I found her in the music wing. Not practicing, just sitting on the floor, her back against the lockers, her violin case across her lap like a shield. Her head was tilted back, eyes closed. There was a new quietness to her, a stillness that felt dangerous. And on her lower lip, a faint, barely-there abrasion. A dryness. A bite mark.

"Isabelle."

Her eyes flew open. For a split second, before she saw it was me, her expression was… wary. Guarded. Then it softened, but it was too late. I'd seen it. "Julien. You're… here."

"I need to show you something." My voice came out flat, harder than I meant it to.

"Okay." She didn't move from the floor. Just watched as I knelt, the stiff wool of my trousers scratching my knees. I threw the folder down between us. It slapped the polished floor. A few papers slid out, the ledger page with the Volkov seal glaring like a poisonous beetle.

"What is this?" she asked, but her voice was already distant. She knew.

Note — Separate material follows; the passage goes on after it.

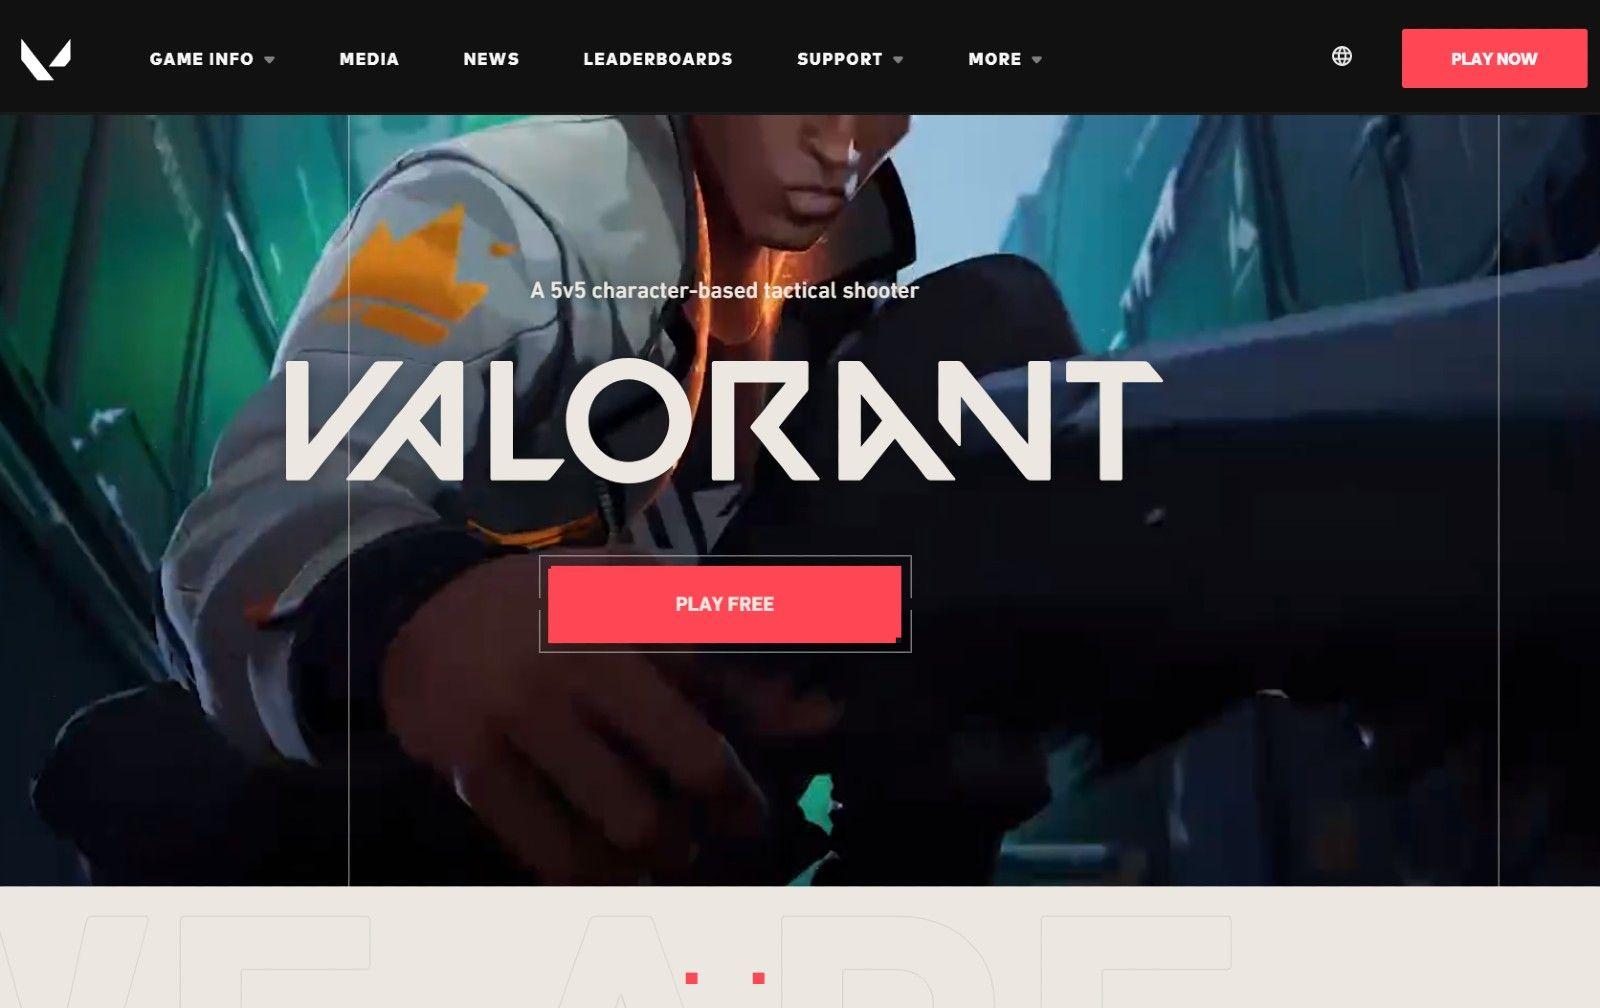 Valorant download

"The truth." I pointed a finger at the seal, my nail tapping the paper. 

Tap. Tap. Tap.

"Your scholarship. It wasn't the board. It wasn't merit. It was a purchase. Viktor Volkov bought your slot. Dmitri just… collected the merchandise."

She picked up the ledger page. Her hands weren't trembling. That scared me more than anything. "He told me you fought for me," she said, not looking up.

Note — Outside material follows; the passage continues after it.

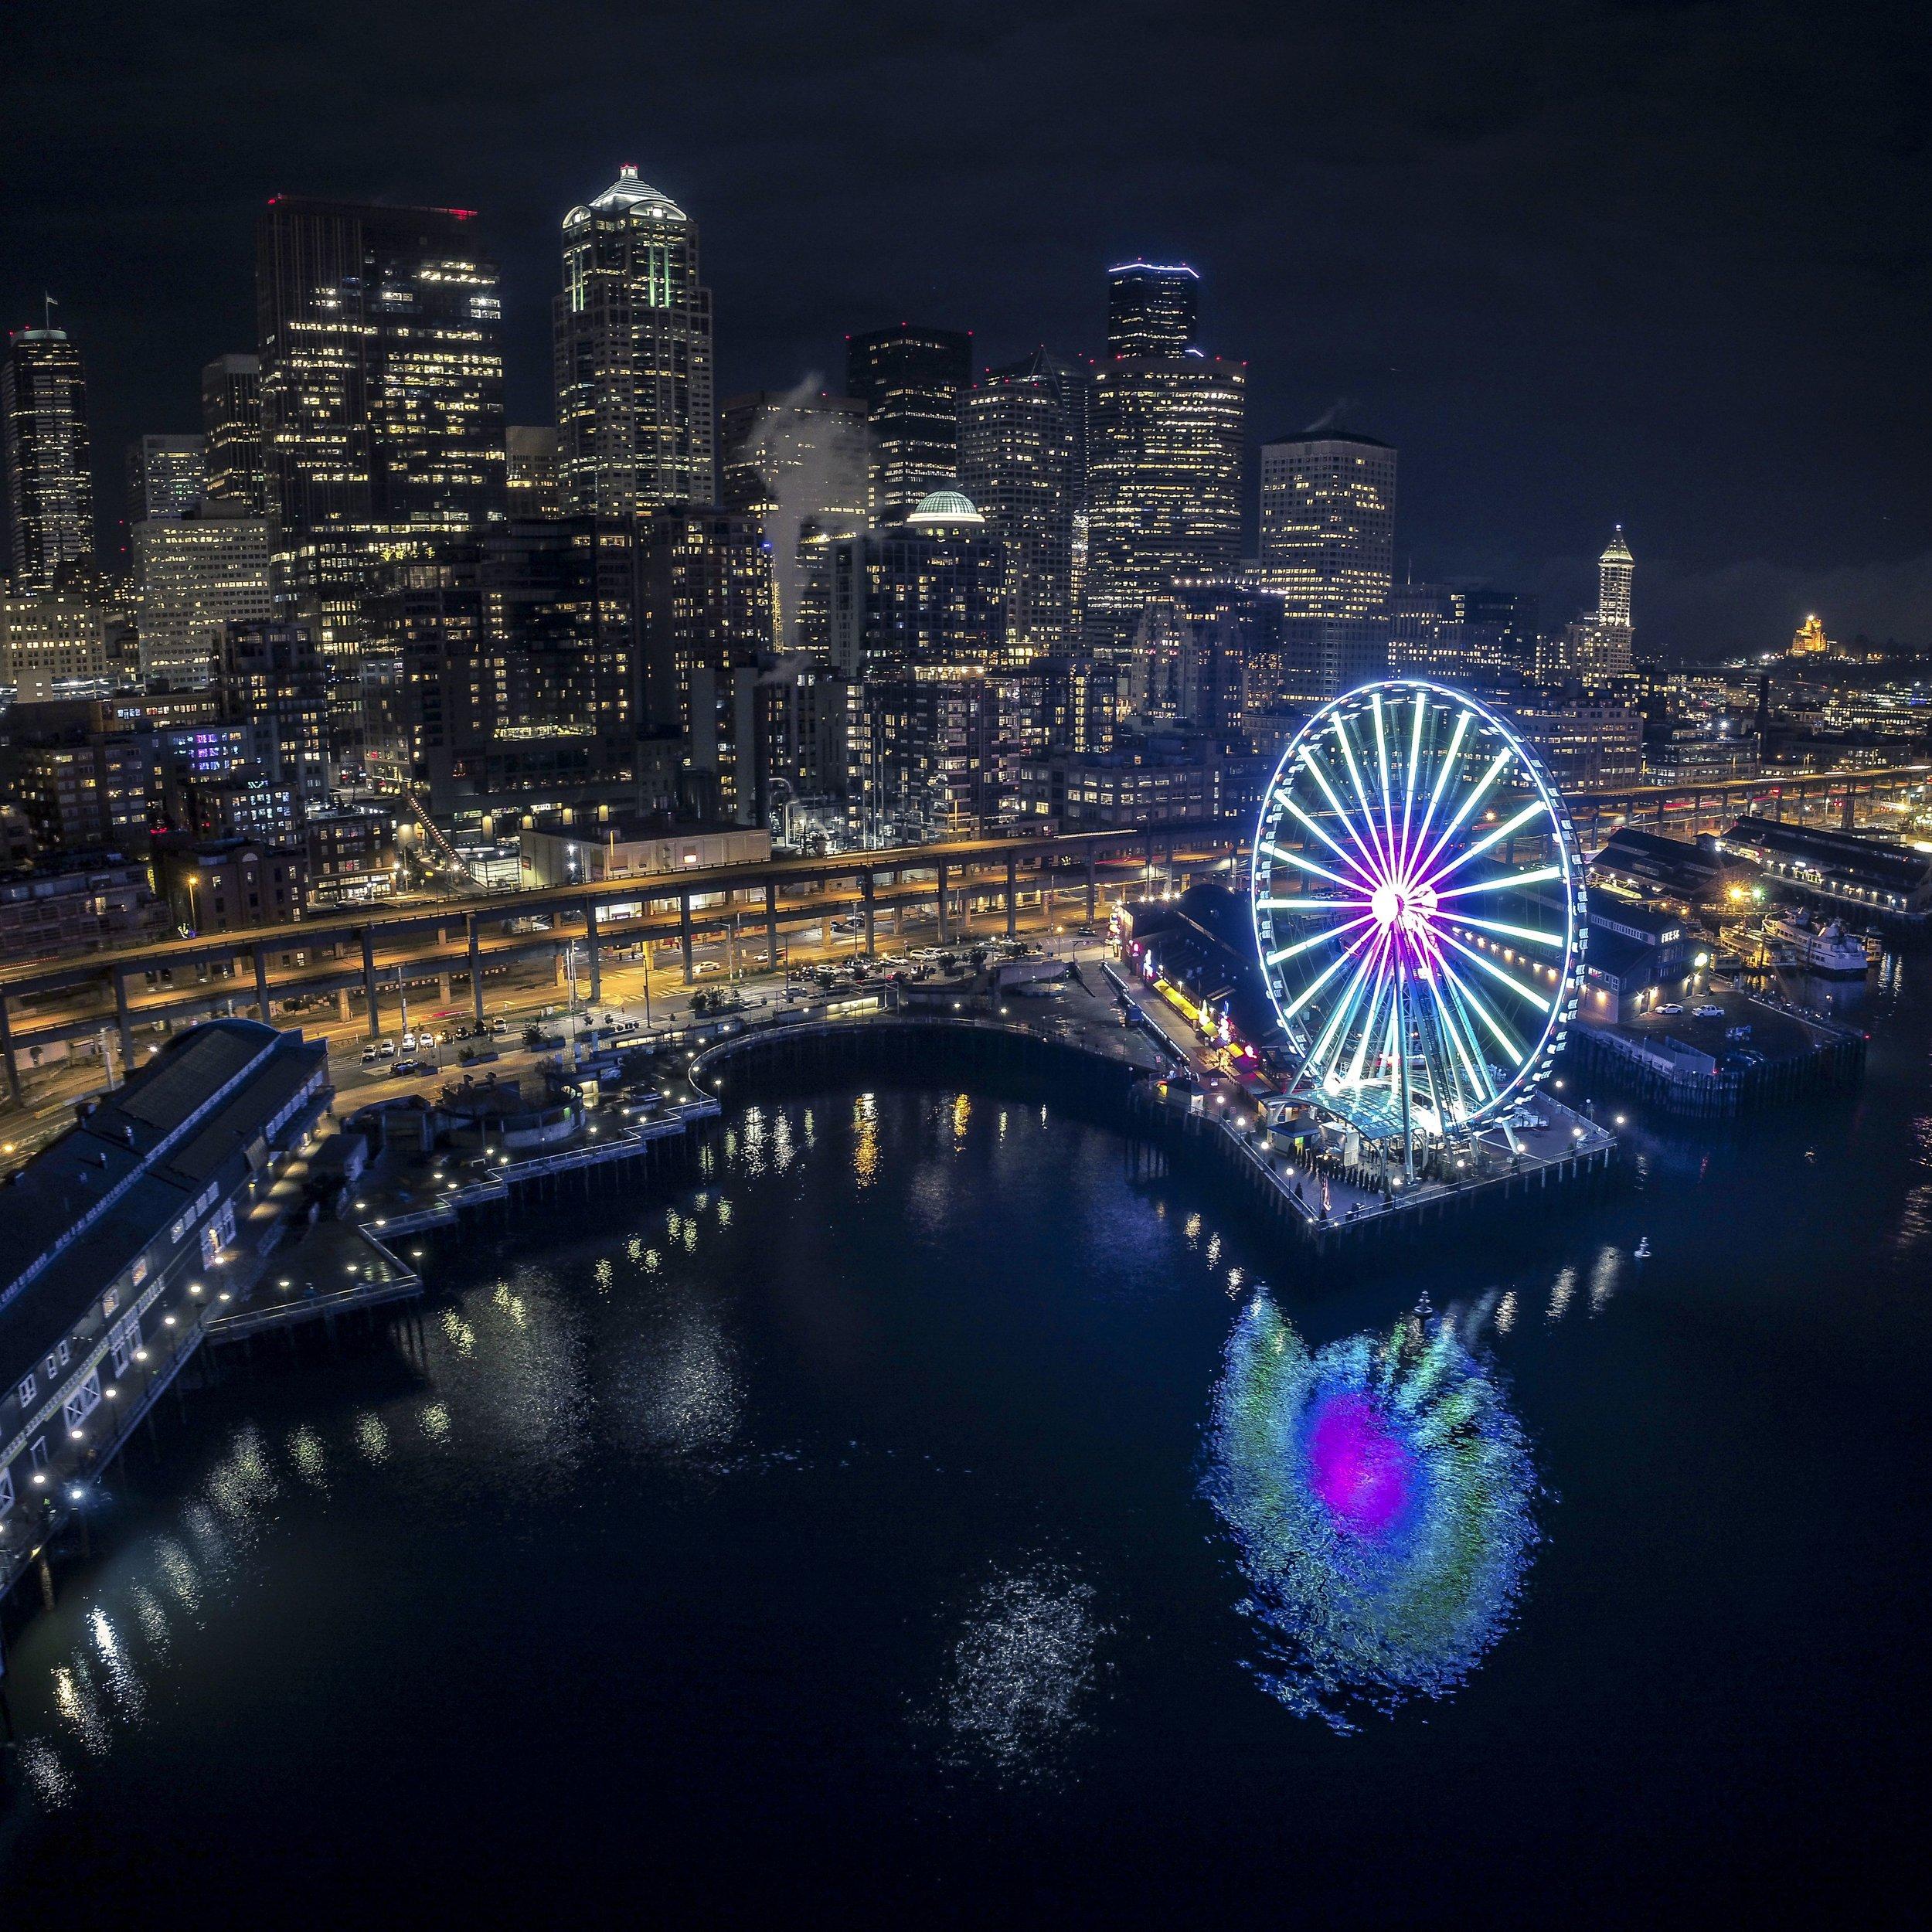 Seattle_Waterfront_Night_Aerial_of_Great_Wheel_Web.jpg

"He lied." The words were ash in my mouth. "I did fight. But he fought harder to make sure you ended up where he could watch you. Where he could control the narrative. He doesn't protect you, Isabelle. He curates you."

Finally, she looked at me. Her silver-grey eyes were like chips of flint. "Why are you showing me this now?"

"Because it's not too late." I reached for her hand. She let me take it, but her fingers were limp, cold. "I have a car. At the north gate. My aunt's place in the valley, it's empty. We can go tonight. Right now. No masks, no Schuylers, no… him." I squeezed her hand, trying to pump some warmth, some life back into it. "Just us. Like it was supposed to be."

The silence stretched, filled with the hum of the overhead lights and the frantic drum of my own heart. I saw her gaze drift over my shoulder, towards the courtyard. Towards the Foundry.

"I can't just run, Julien."

"Why?" The word burst out, edged with a frustration I couldn't hide. "Because he's shown you a fancy mask? Because he… touches you like he owns you?" My eyes flicked to her lip again. I couldn't help it.

She pulled her hand from mine as if burned. "He sees me. He doesn't look at me like I'm a broken thing that needs to be kept in a quiet room in the valley."

The blow landed perfectly. "That's not…That's not what I'm offering!"

"Isn't it?" She stood up suddenly, looming over me where I knelt. "Safety. Seclusion. Hiding. That's your solution. His is to give me a weapon."

"He is the weapon!" I shot to my feet, the folder scattering under my shoe. "He created the game so he could be the only one who knows the rules! Can't you see that? He's not making you strong, he's making you dependent !" My voice was too loud in the hall. It echoed back at us, shrill and desperate. I was losing. I could feel it, the ground crumbling under my feet.

She hugged her violin case to her chest, a physical barrier. "He's the only one who didn't flinch. When I fight back, he doesn't look disappointed. He looks… interested."

"He looks predatory !" I was shouting now. I never shouted. The ugliness of it hung in the air between us. I saw her flinch, and a petty, vicious part of me was glad. "You love the way he looks at you? Like you're a fascinating bug he's about to pin to a board? That's not love, Isabelle. That's pathology. And you're choosing it. You're choosing him over…"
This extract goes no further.